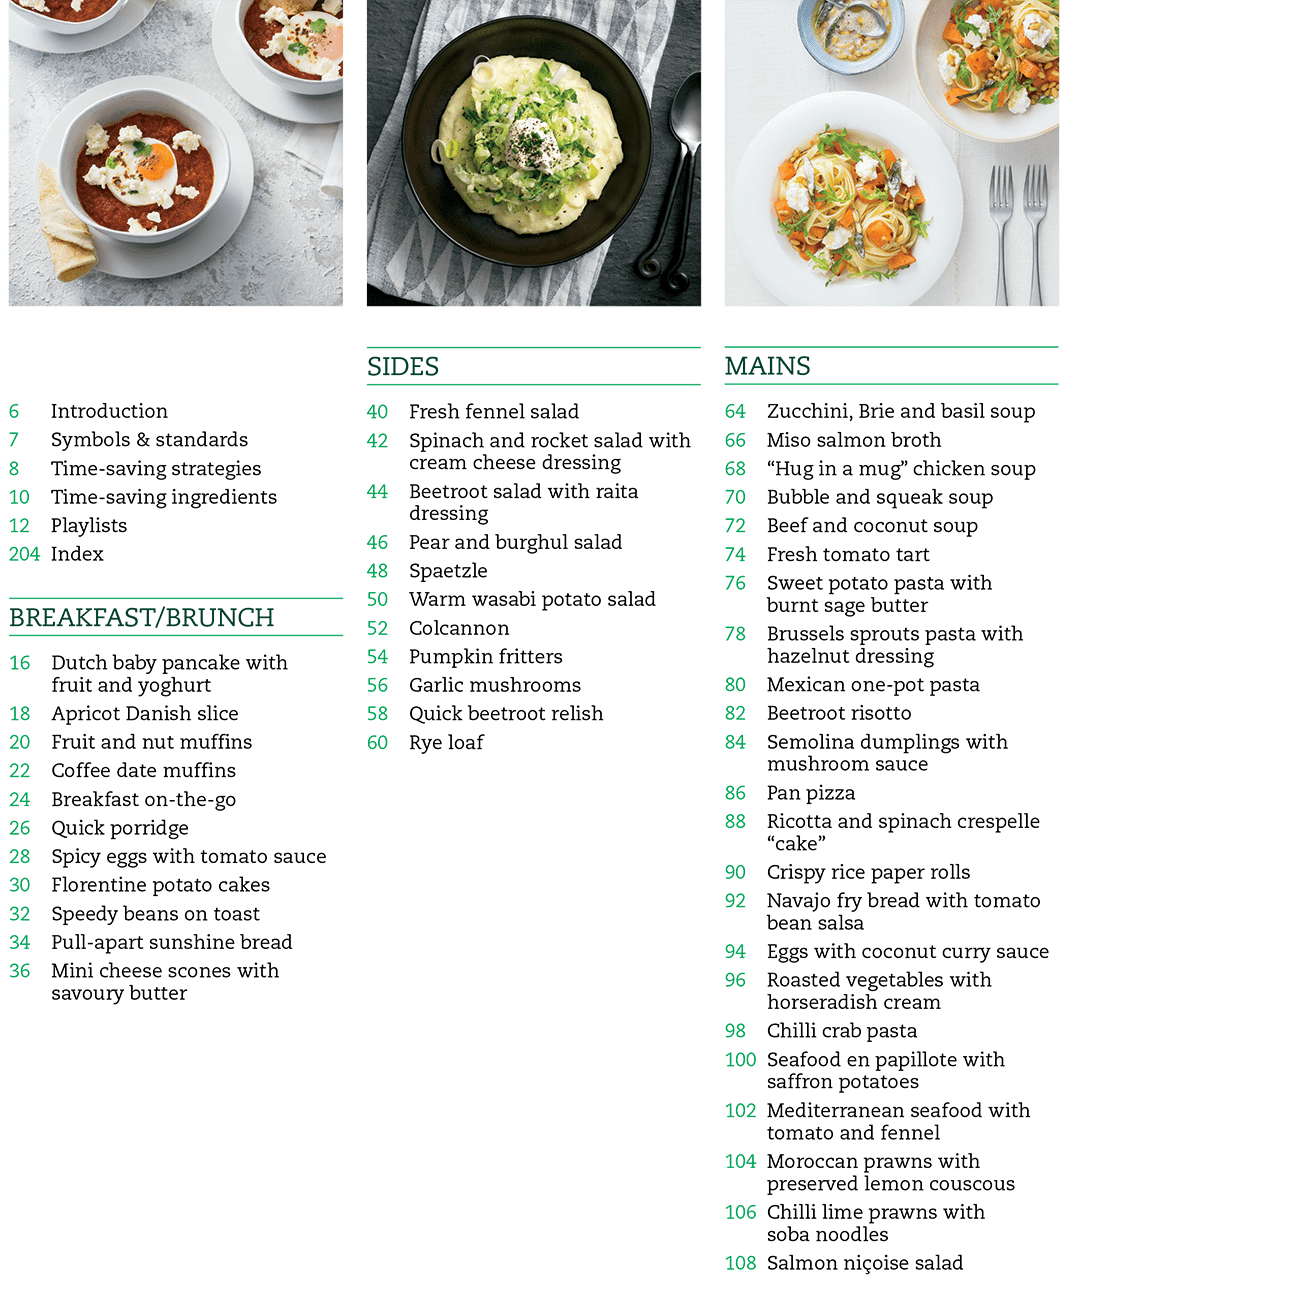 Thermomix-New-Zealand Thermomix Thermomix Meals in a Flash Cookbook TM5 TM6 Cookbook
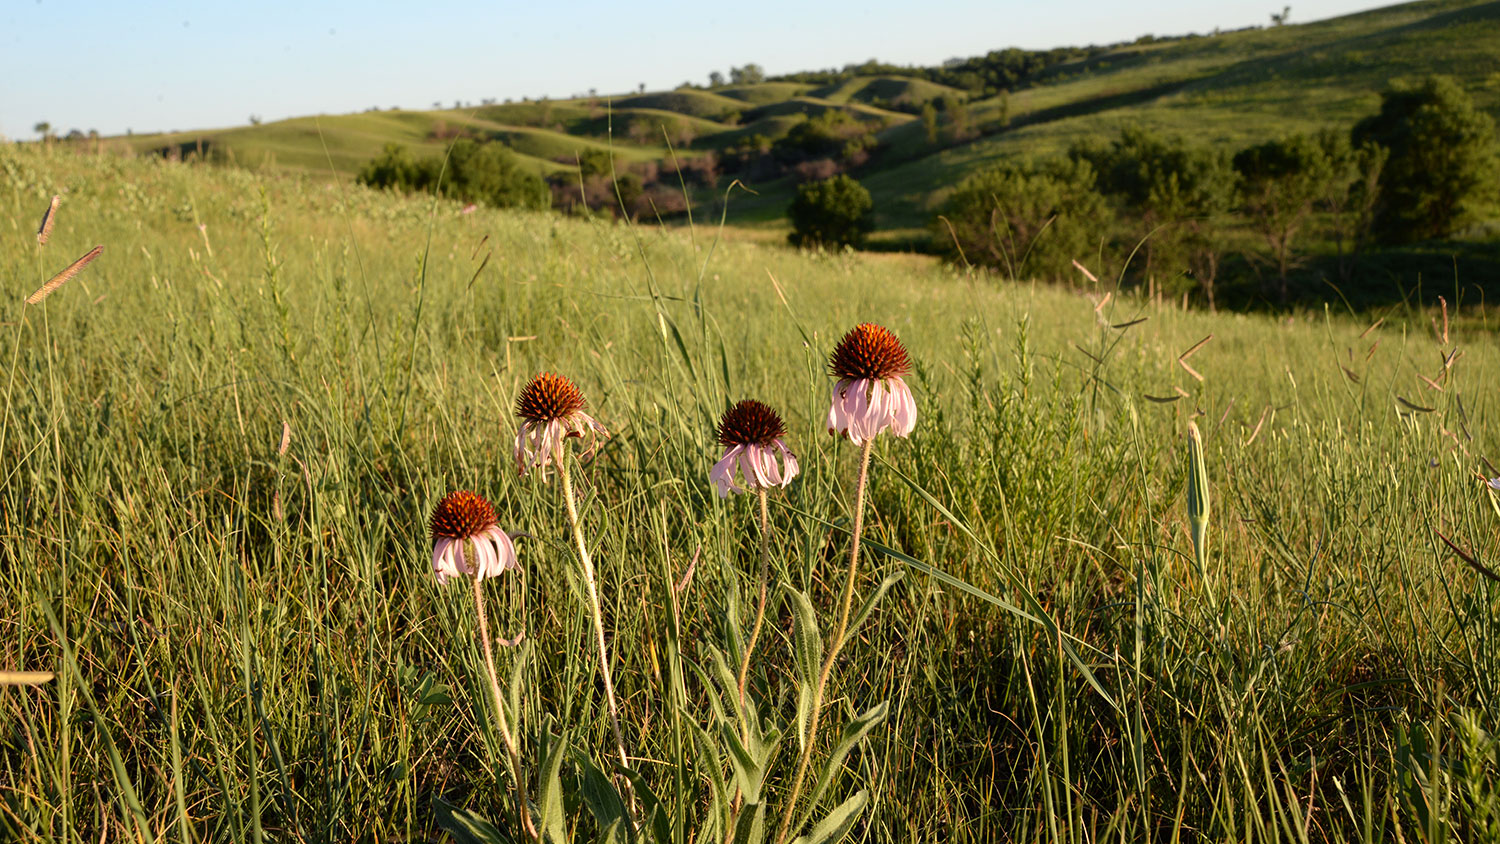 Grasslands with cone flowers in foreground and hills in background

----

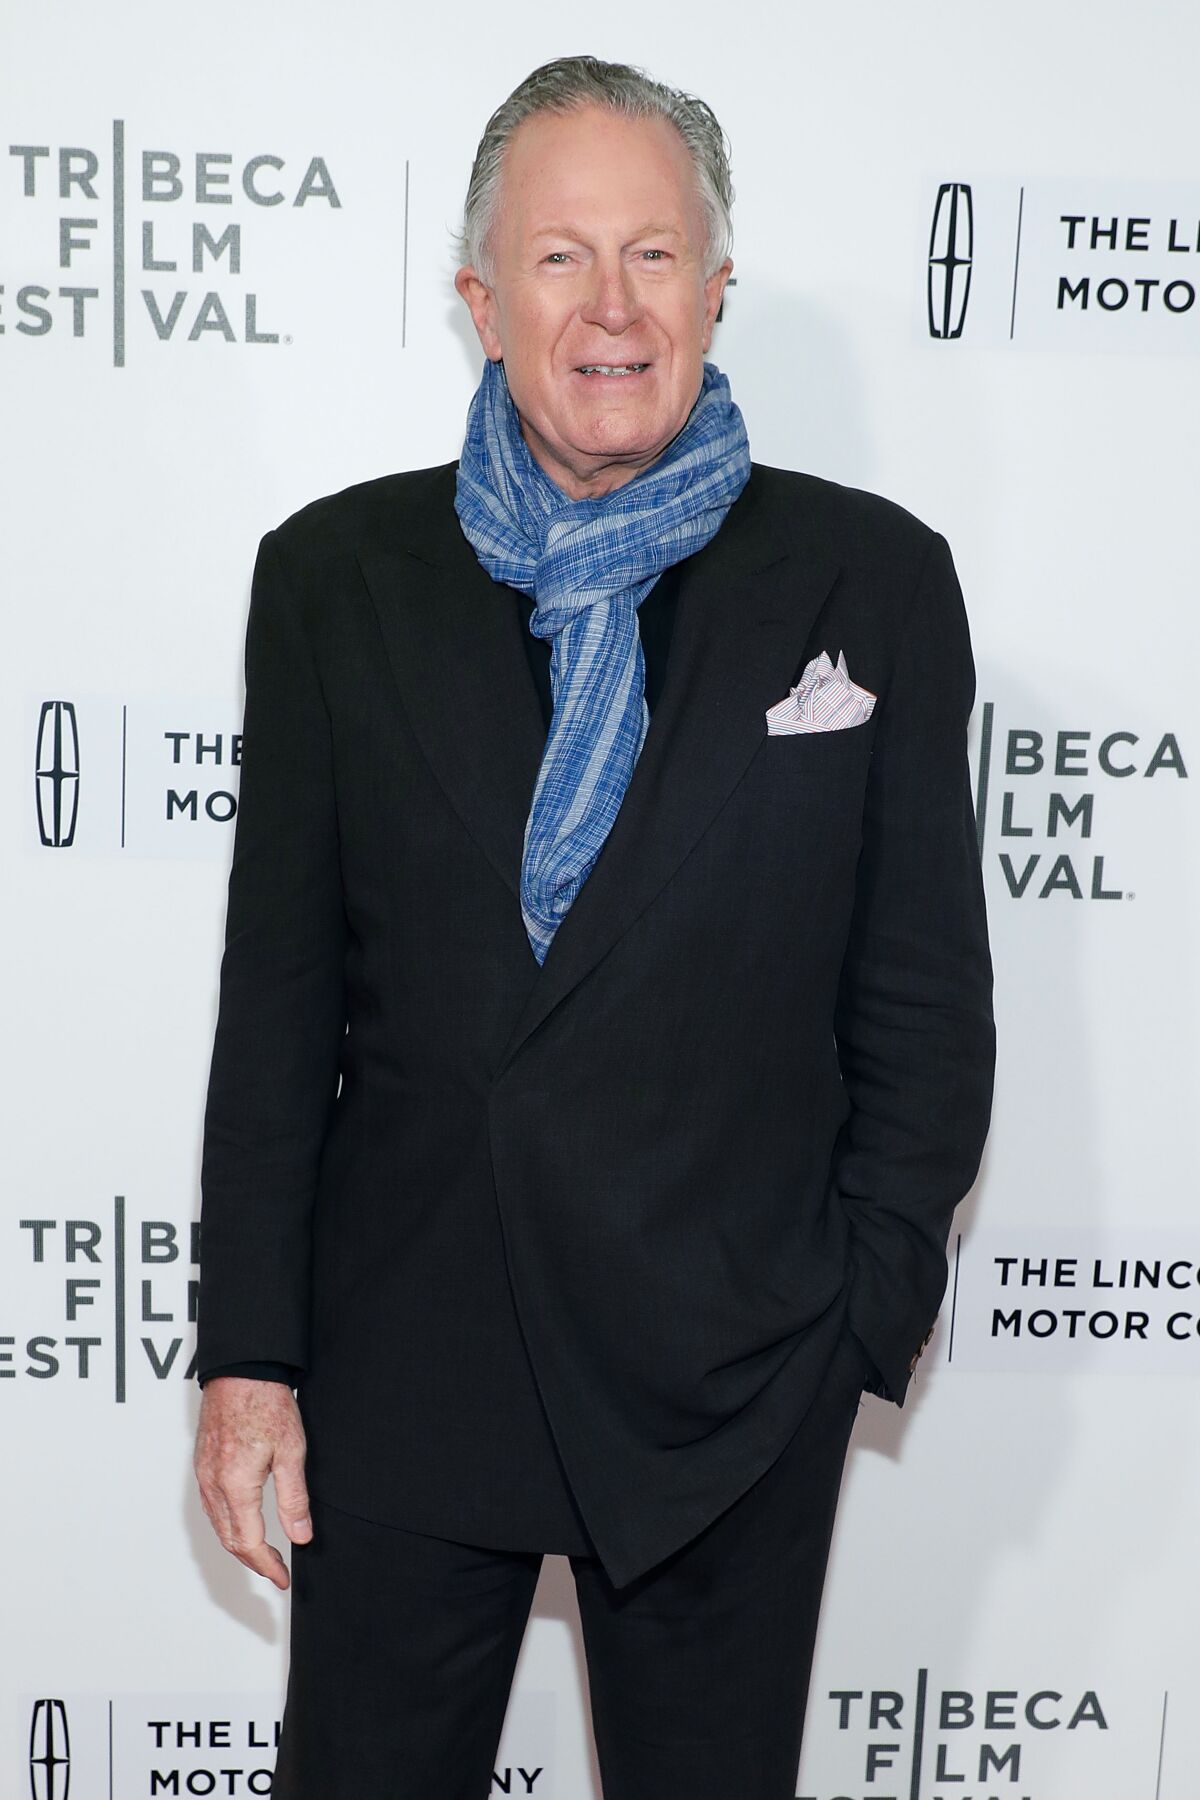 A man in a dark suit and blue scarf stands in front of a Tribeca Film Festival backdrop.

----

• **Task to complete**:
Using the data above, give again exactly the lines starting at the one holding "Thermomix-New-Zealand Thermomix Thermomix" and ending at the one holding "Grasslands with cone", inclusive, and nothing more. Omit the pictures.

• **Answer to the exercise**:
 Thermomix-New-Zealand Thermomix Thermomix Meals in a Flash Cookbook TM5 TM6 Cookbook
 Grasslands with cone flowers in foreground and hills in background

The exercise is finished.